**What you need to do**.
Transcribe the data that follows in full. Leave out the pictures.

### Supplied information ###

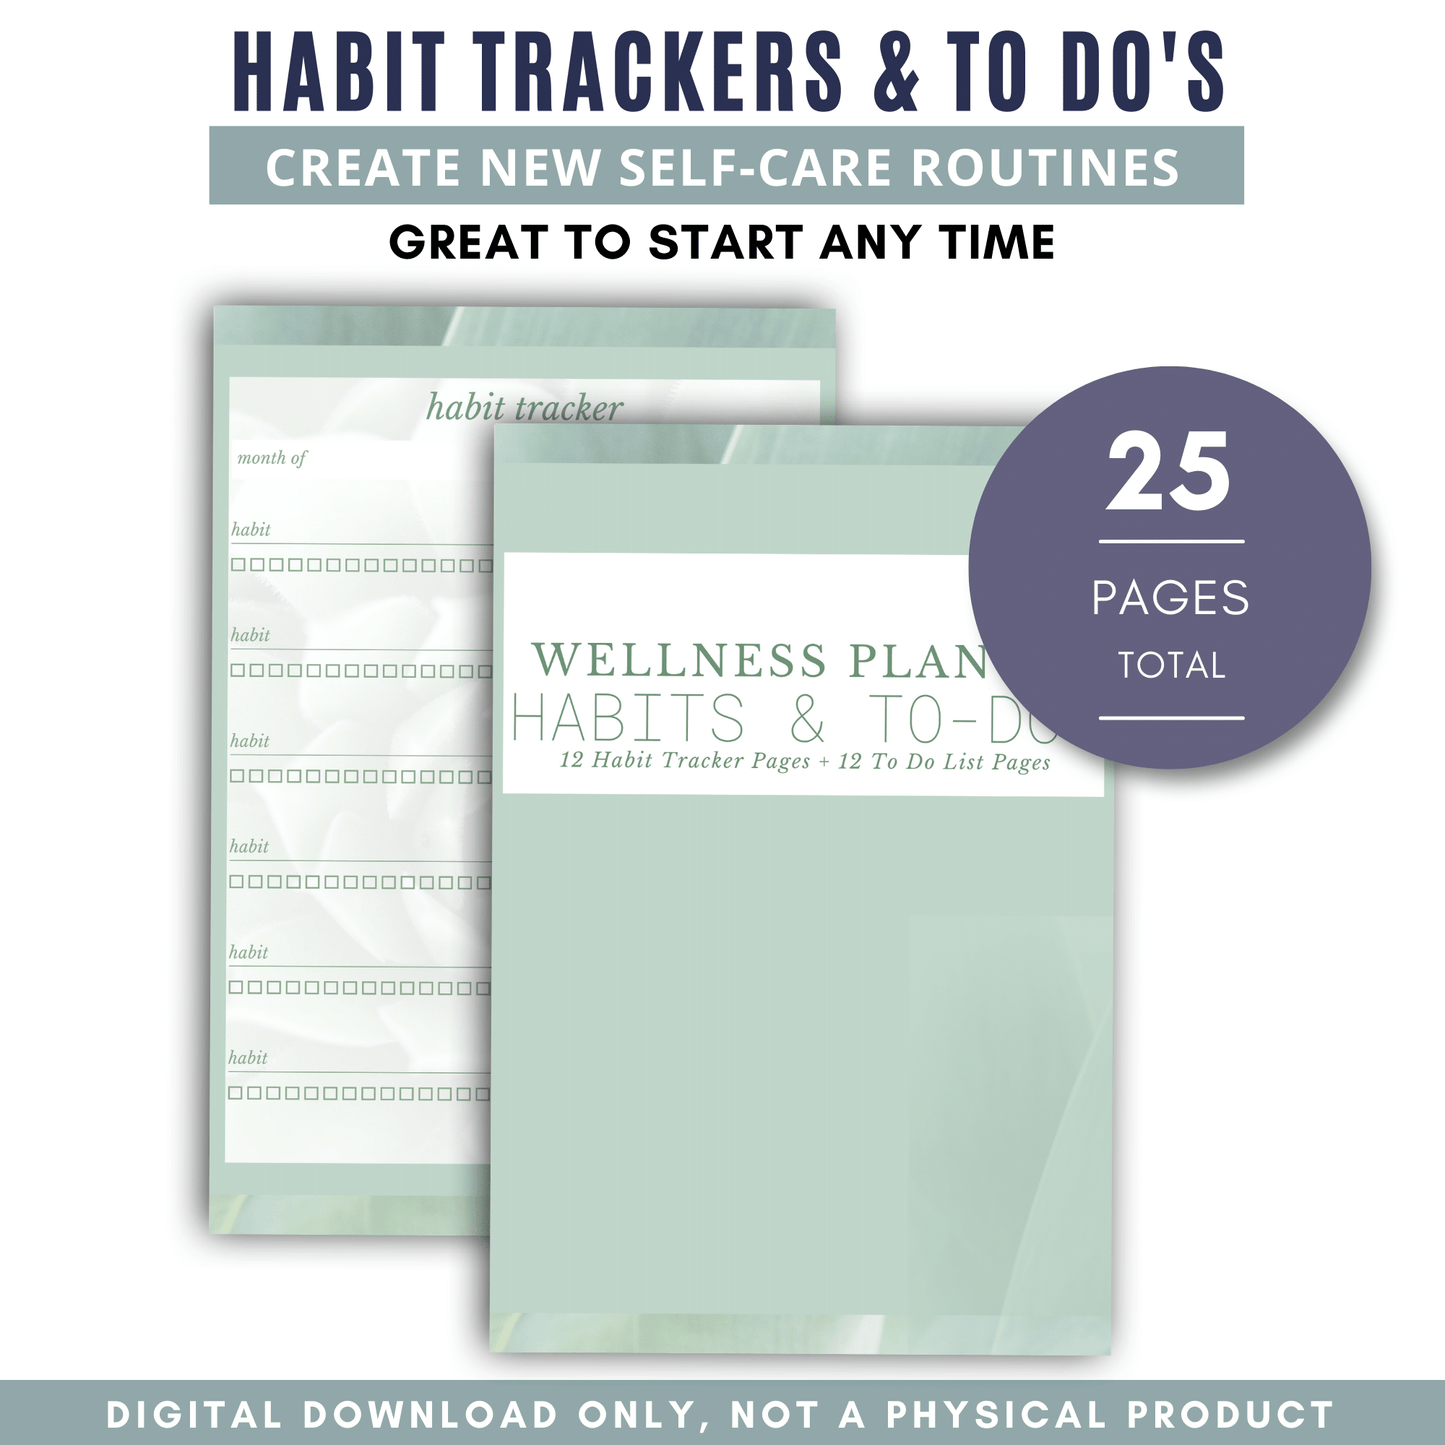 Habit Trackers & To Do's - Wellness Plants - Green Background
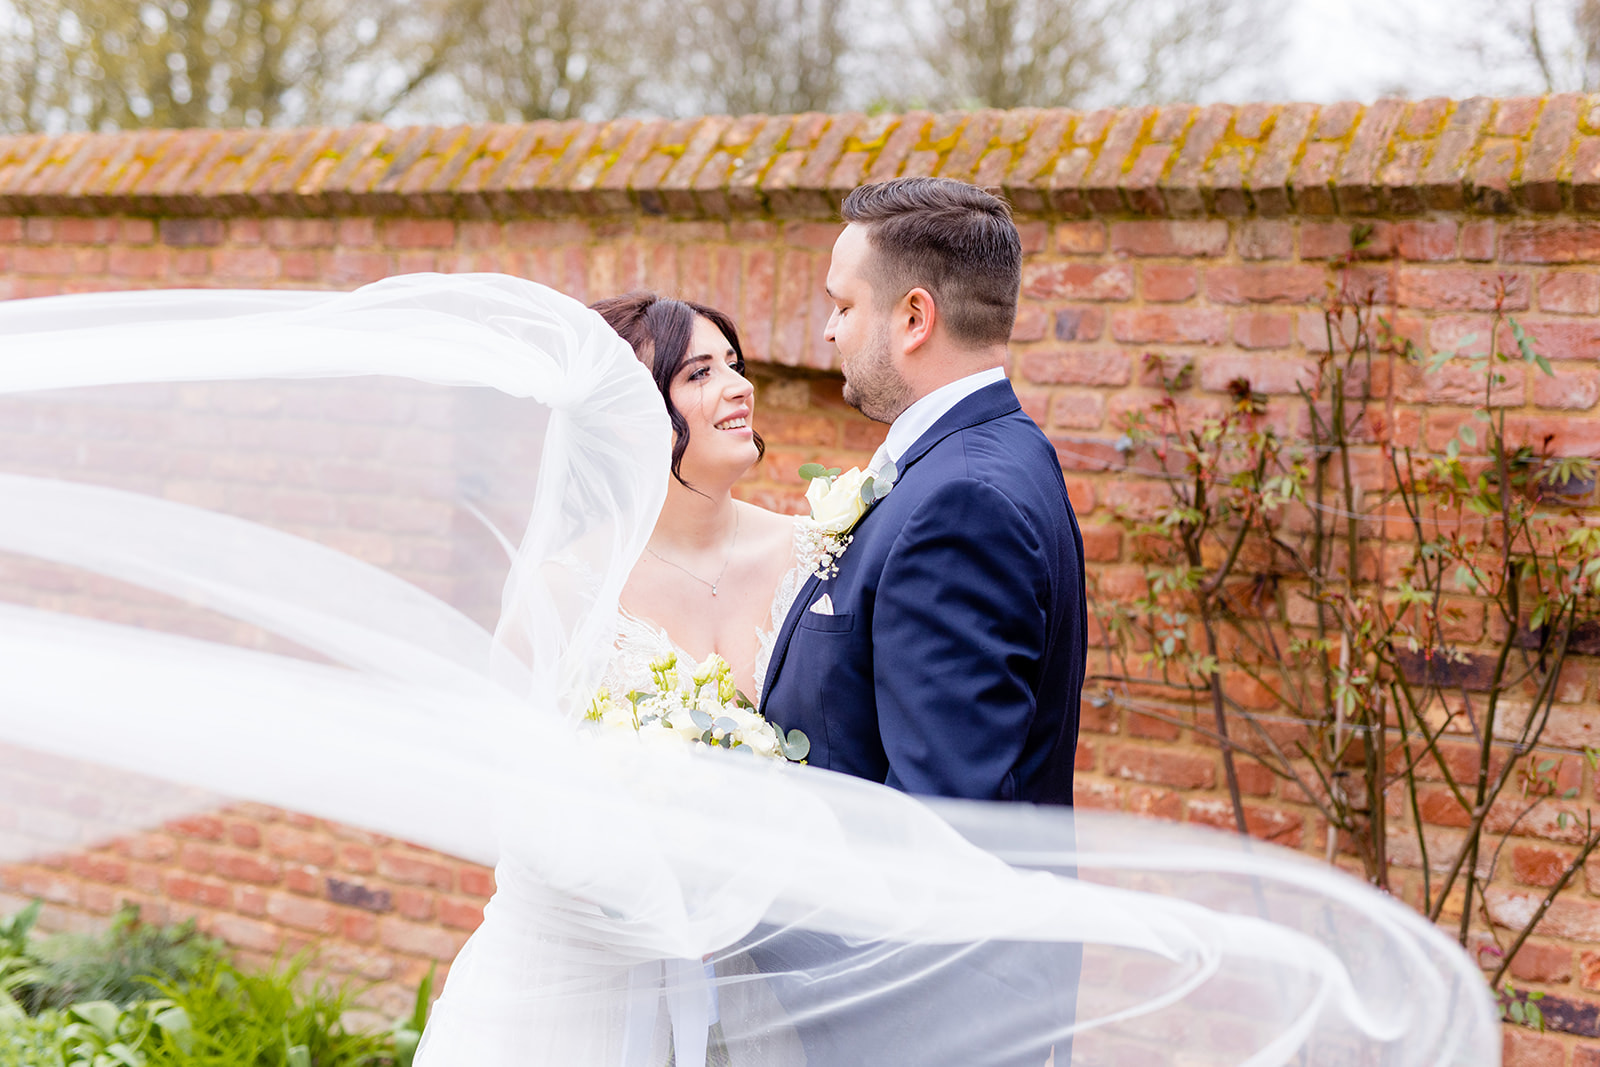 A couple who had an amazing wedding at Apton Hall standing in the Walled Garden
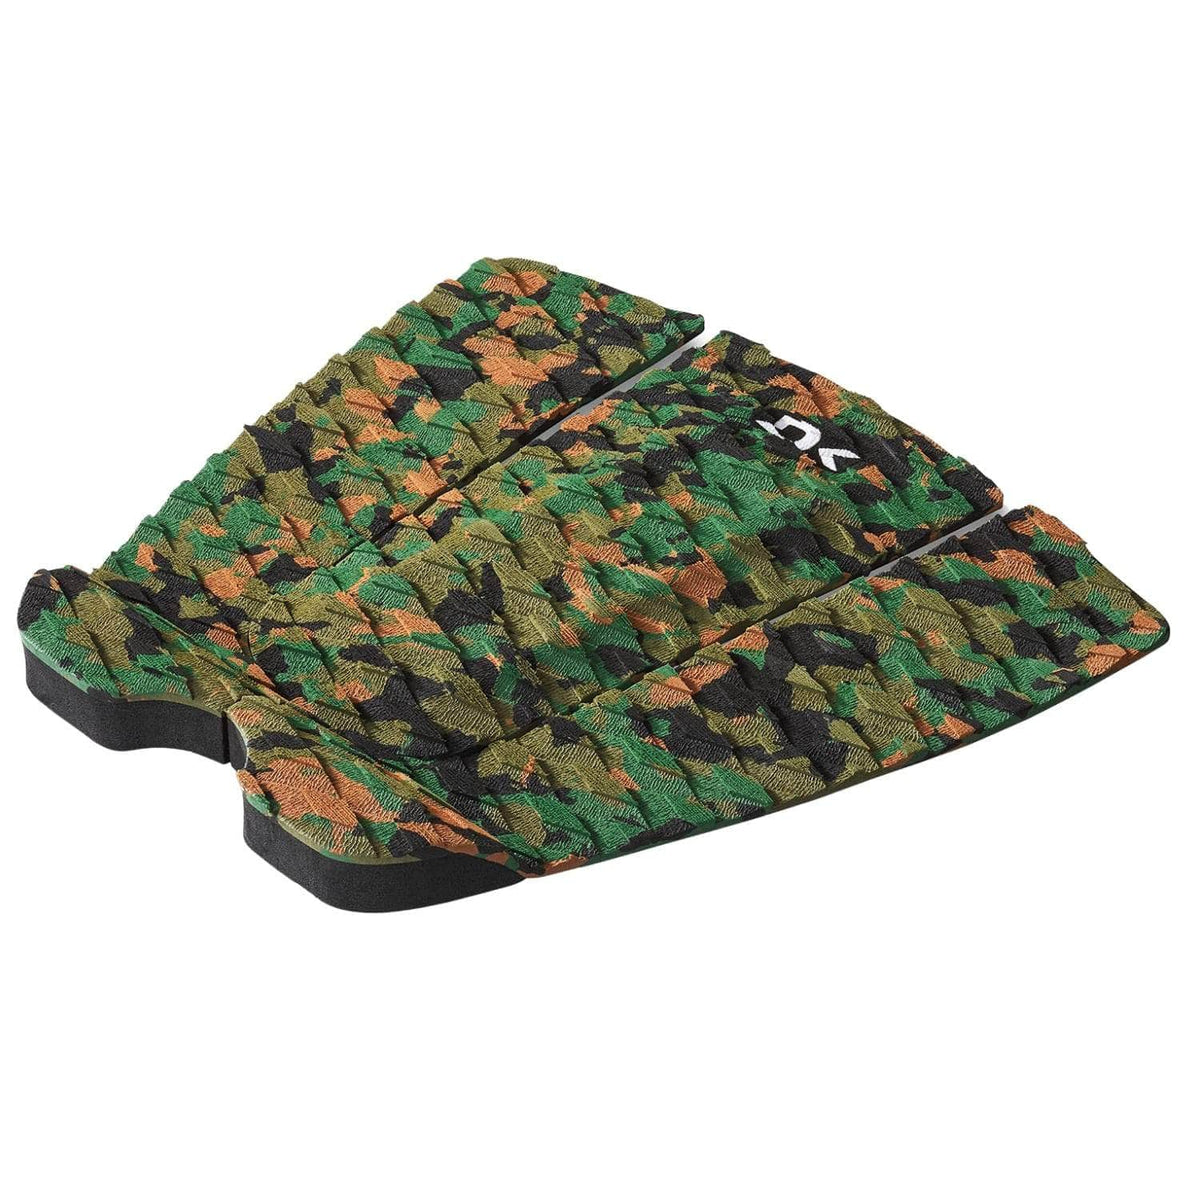 Dakine Andy Irons Pro Traction Surfboard Tail Pad - Olive Camo

###

**Solved problem**.
 Habit Trackers & To Do's - Wellness Plants - Green Background
 A couple who had an amazing wedding at Apton Hall standing in the Walled Garden
 Dakine Andy Irons Pro Traction Surfboard Tail Pad - Olive Camo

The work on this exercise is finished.